Now that sin can be seen as not simply power, but also submission, how do you apply those to their appropriate situations and what might be a third and fourth helpful definition of sin that will continue deepening your insight into your own way of being as well as broadening your application of it in the variety of lives you encounter. Again, definitions of sin are not the goal, but they aid in an analysis that allows seeing farther, seeing more, and transforming life situations.
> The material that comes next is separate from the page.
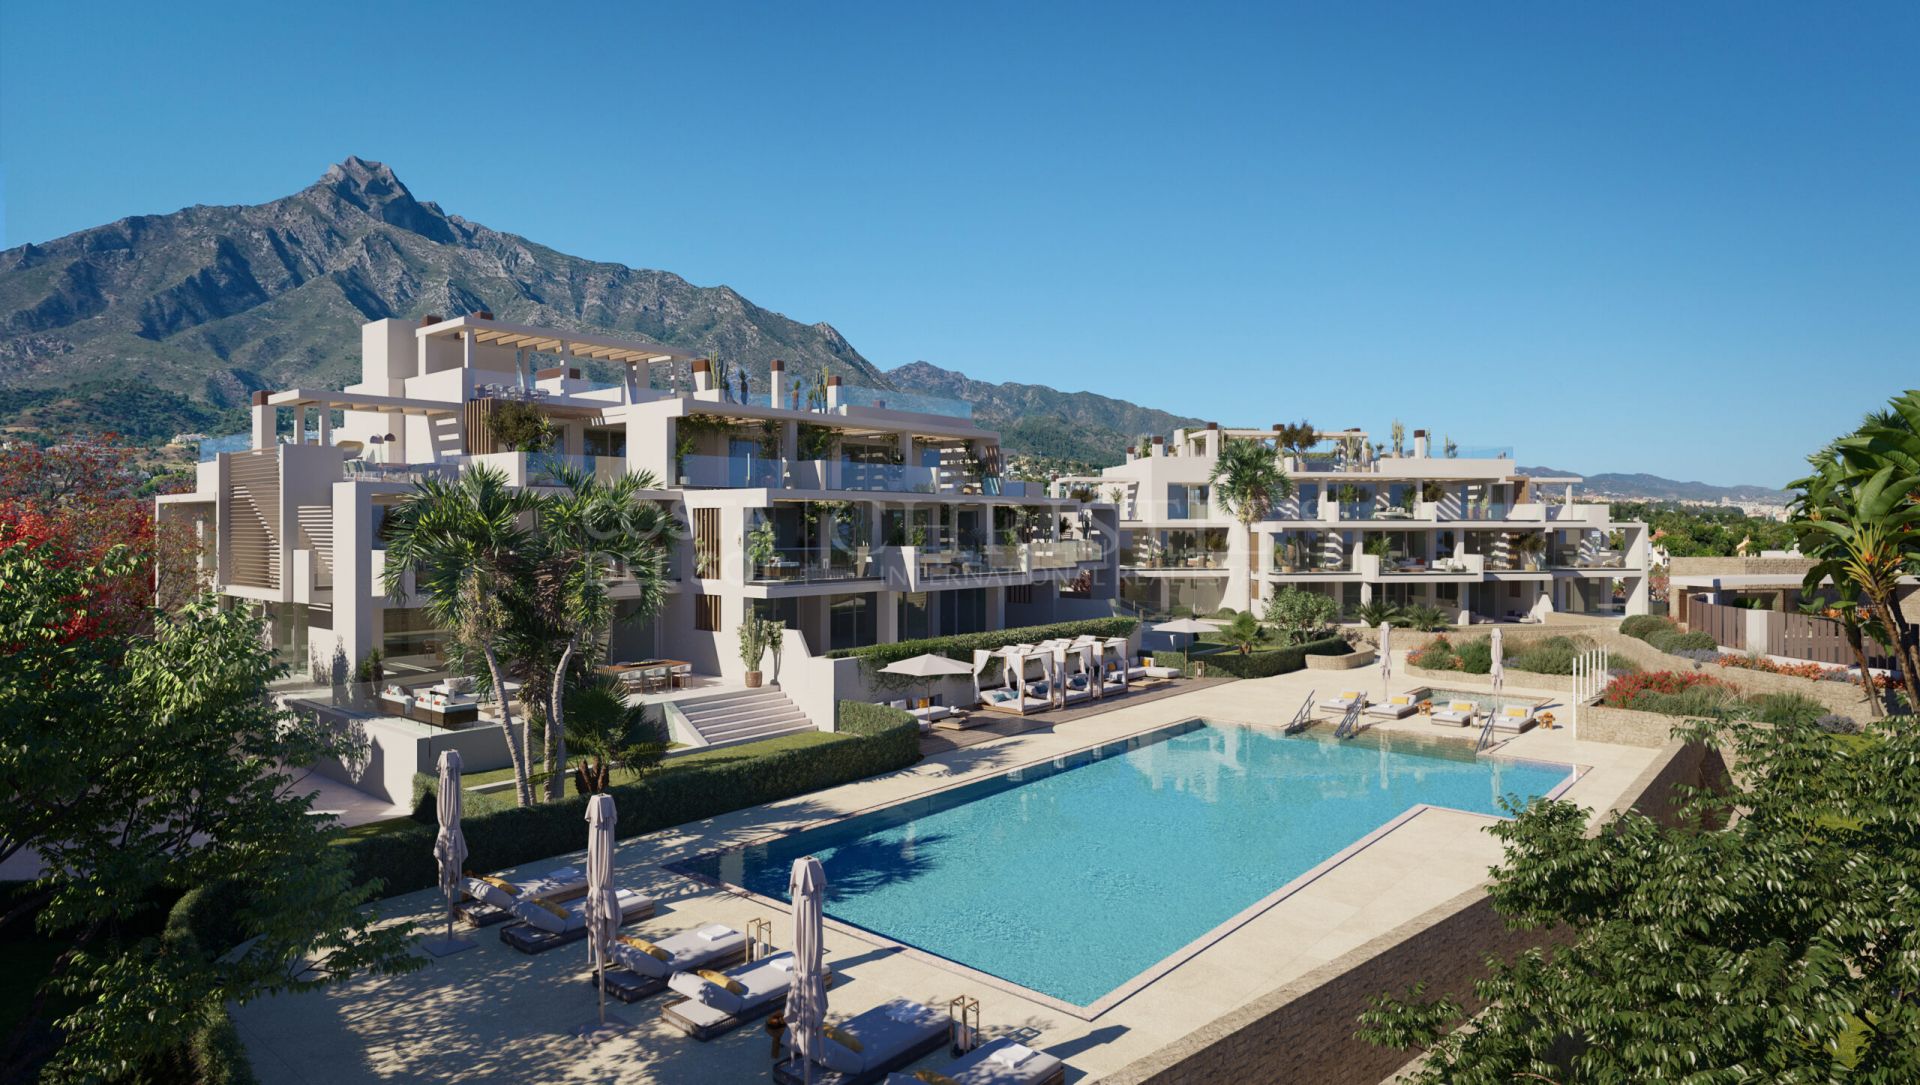 Earh, Señorio de Marbella, Marbella Gouden Mijl - Exclusief complete appartementen en nieuwe woningen in Milla de Oro | Christie’s International Real Estate

http://kcmlection.blogspot.com/2010/04/acts-91-6-7-20_13.html

 


 

From the musical Little Shop of Horrors there is a wonderful little song, Suddenly, Seymour. This leads us into seeing more - which is what a connection with in-the-beginning does for us. It moves us from what we are against to what we are doing to move a once and future beginning onward.

Saul looks into darkness and sees a vision of a new relationship. From persecuting nameless followers of Jesus to looking forward to a very specific follower with a name, Ananias. In moving from the ease of anonymity to a real person, Saul makes a trip to Paul, from abuser to advocate.

This is a moment of realization, just like Seymour and Audrey in the song above. Scales fall from eyes, sight is restored, assurance comes to the fore from out of the background.

Can such a conversion be trusted. Perhaps, but testing comes first. Saul will be tested by others in Damascus and by himself in the wilderness (both are important). A new relationship will be forged in the testings and Paul's challenge will be similar to Peter's - to follow Jesus' way without turning it into a technique, creed, or literalism. This challenge continues - it is ours.